Citizens are free to form such lists. Each list may support and  
oppose any topics, and the lists are supposed to collect similar  
minded candidates together. Ballots may be just votes for individual  
candidates (not for issues). I don't see any specific problems in  
this case.

> In a party system, we generally have a degree of party discipline  
> such that a voter has some reasonable expectation that a candidate  
> on the party list will in fact vote for the party agenda. Not so  
> for ad hoc issue-based lists.

Yes, all political systems tend to generate some form of party  
discipline. (Candidate nomination, party rules, parliament rules,  
party ideology and election method (e.g. open vs. closed lists) play  
a role in determining the strength of the discipline.)

Ad-hoc issue based lists could also become party like (if I  
understood your concept of "ad-hoc issue based lists" right (same  
freely formed candidate lists for the elections that I discussed?)).

> Candidates can choose to emphasize issues (maybe X vs not-X, maybe  
> others) that they think will garner voter support. Perhaps a  
> candidate will successfully make the case that Y is a more  
> important issue than X, once the campaign is underway. If he can  
> persuade the voters, he can be elected under STV-PR, which is how  
> it should be, according to me.

Tree structures would do the same thing, maybe even lists (allow  
sufficient voting options if there are few topics with different  
priorities).

> STV-PR seems most appropriate here, where the voter votes for a  
> candidate who will be a relatively independent agent when elected.  
> Voters are then free to listen to candidates making their cases and  
> vote accordingly.

What are the STV-PR specific benefits that make it best in the school  
case?
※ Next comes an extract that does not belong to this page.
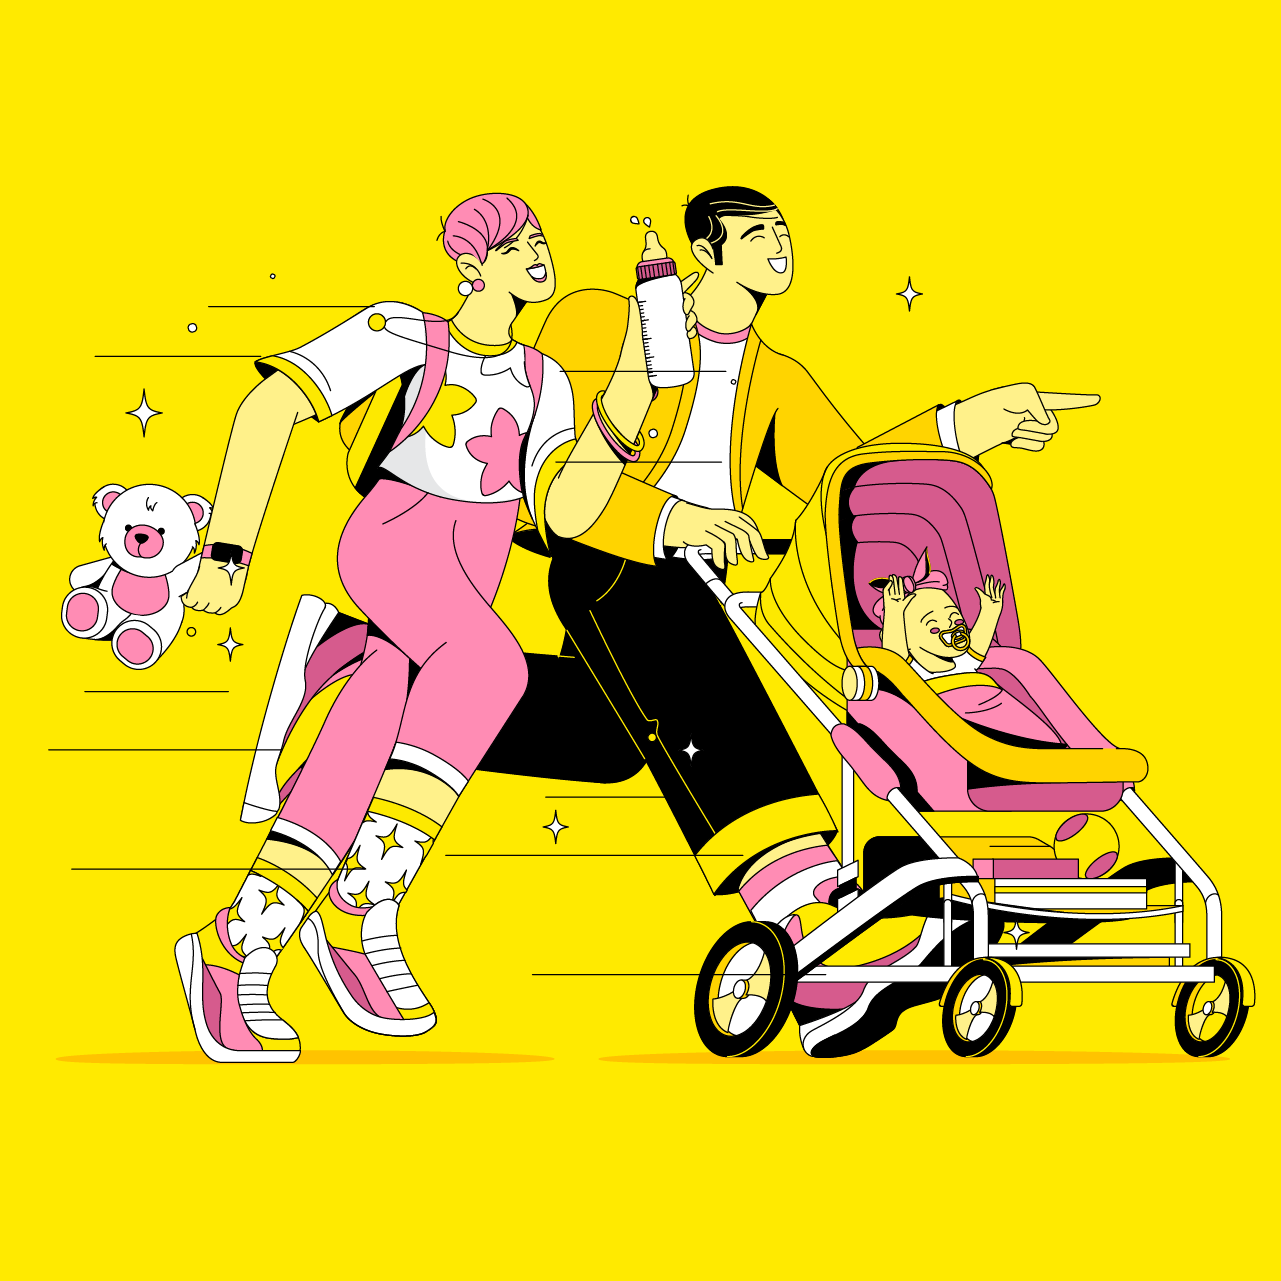 Artifact from the Scoot Airlines Illustration Showcase article on Abduzeedo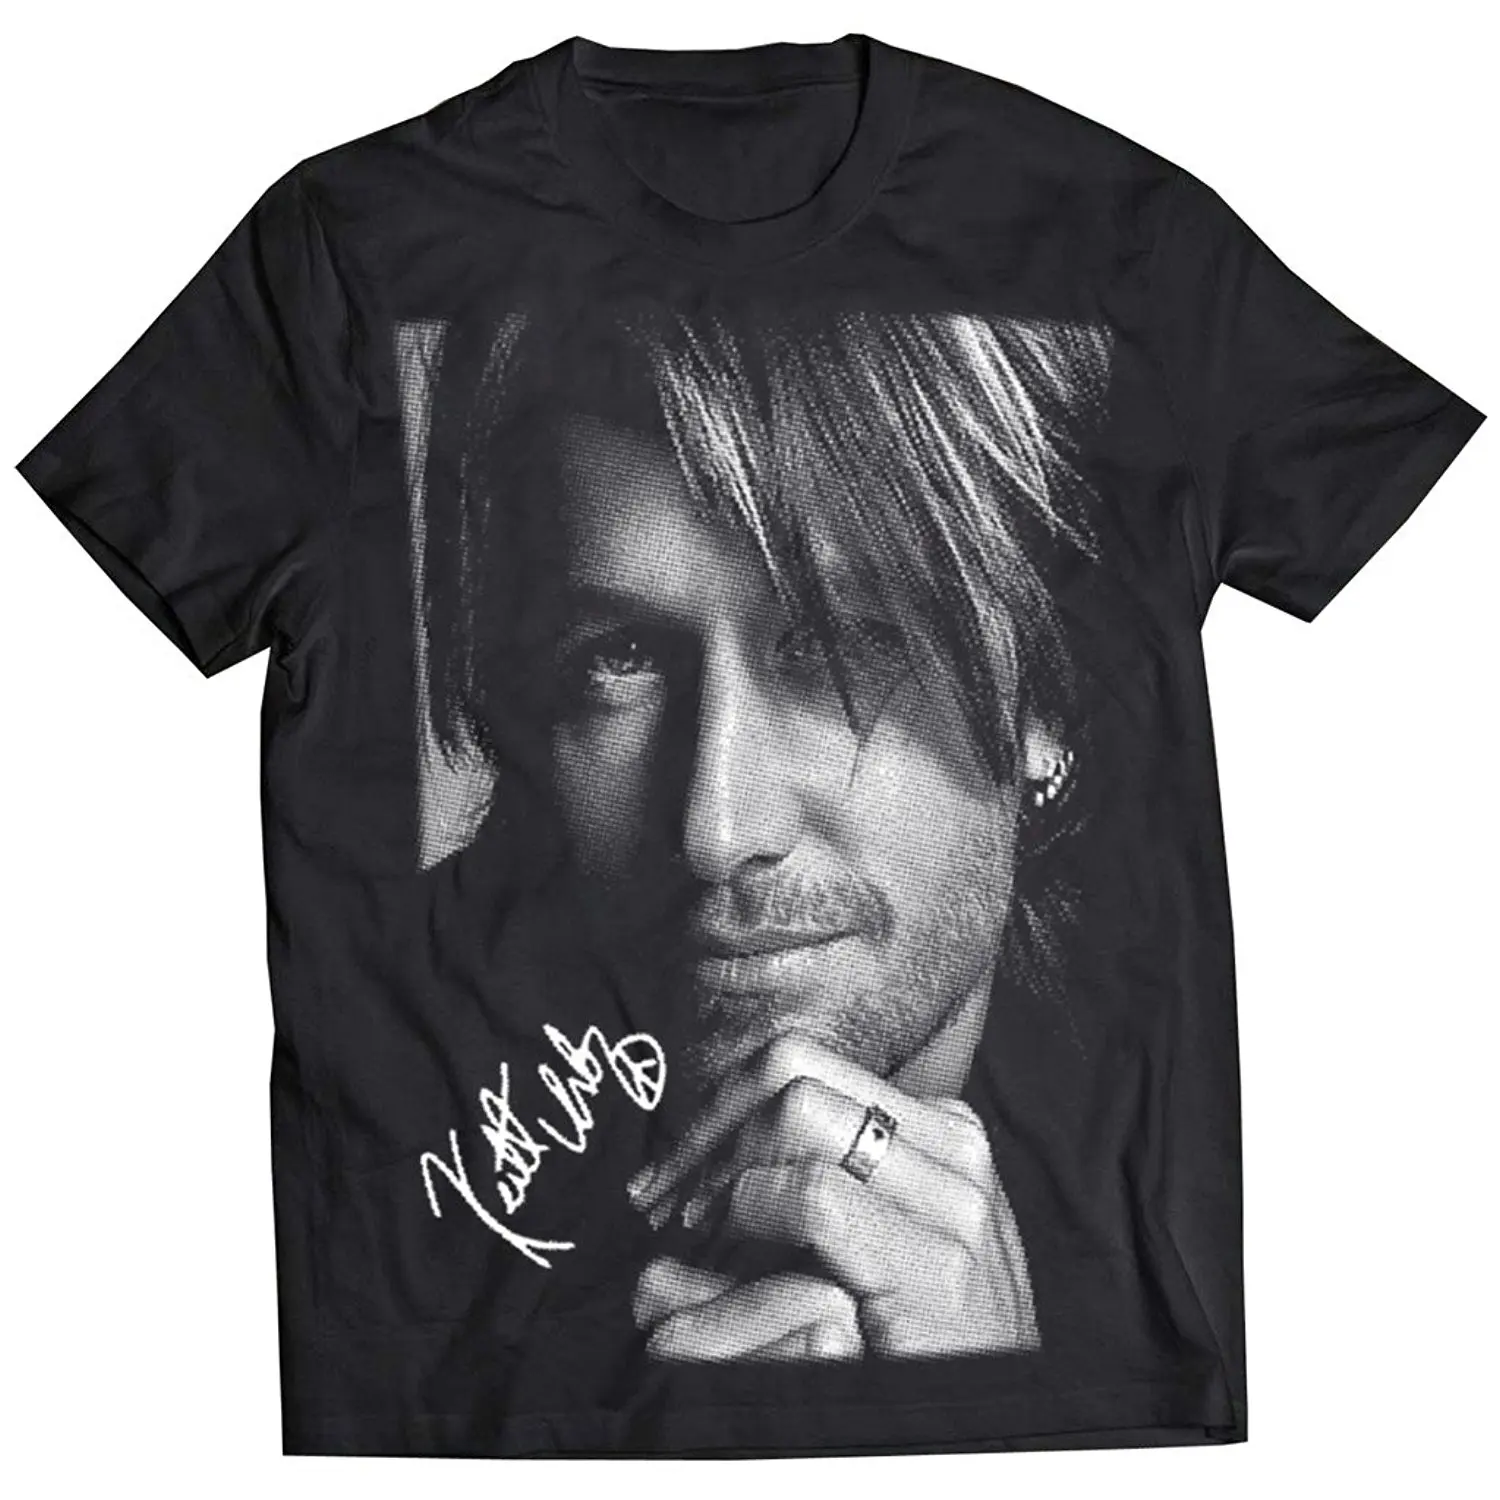 mazumi8 Keith Urban love country fan T Shirt-in T-Shirts from Men's ...

I guess not the party discipline related problems?

Juho


>
>>
>>
>>> I'm a little skeptical of supermajority or consensus systems,  
>>> which can easily lead to paralysis if an sufficient minority  
>>> simply refuses to compromise. The California state budget rules  
>>> are a case in point; a 2/3 majority is required in both  
>>> legislative houses to pass a budget. The result is a perennial  
>>> budget stalemate.
>>
>> In that kind of questions either a simple majority should be  
>> enough, or alternatively one could only reopen the discussion with  
>> >1/3 support but at the second round simple majority would be  
>> enough. I think supermajorities have a more natural role e.g. when  
>> changing (or amending) constitution.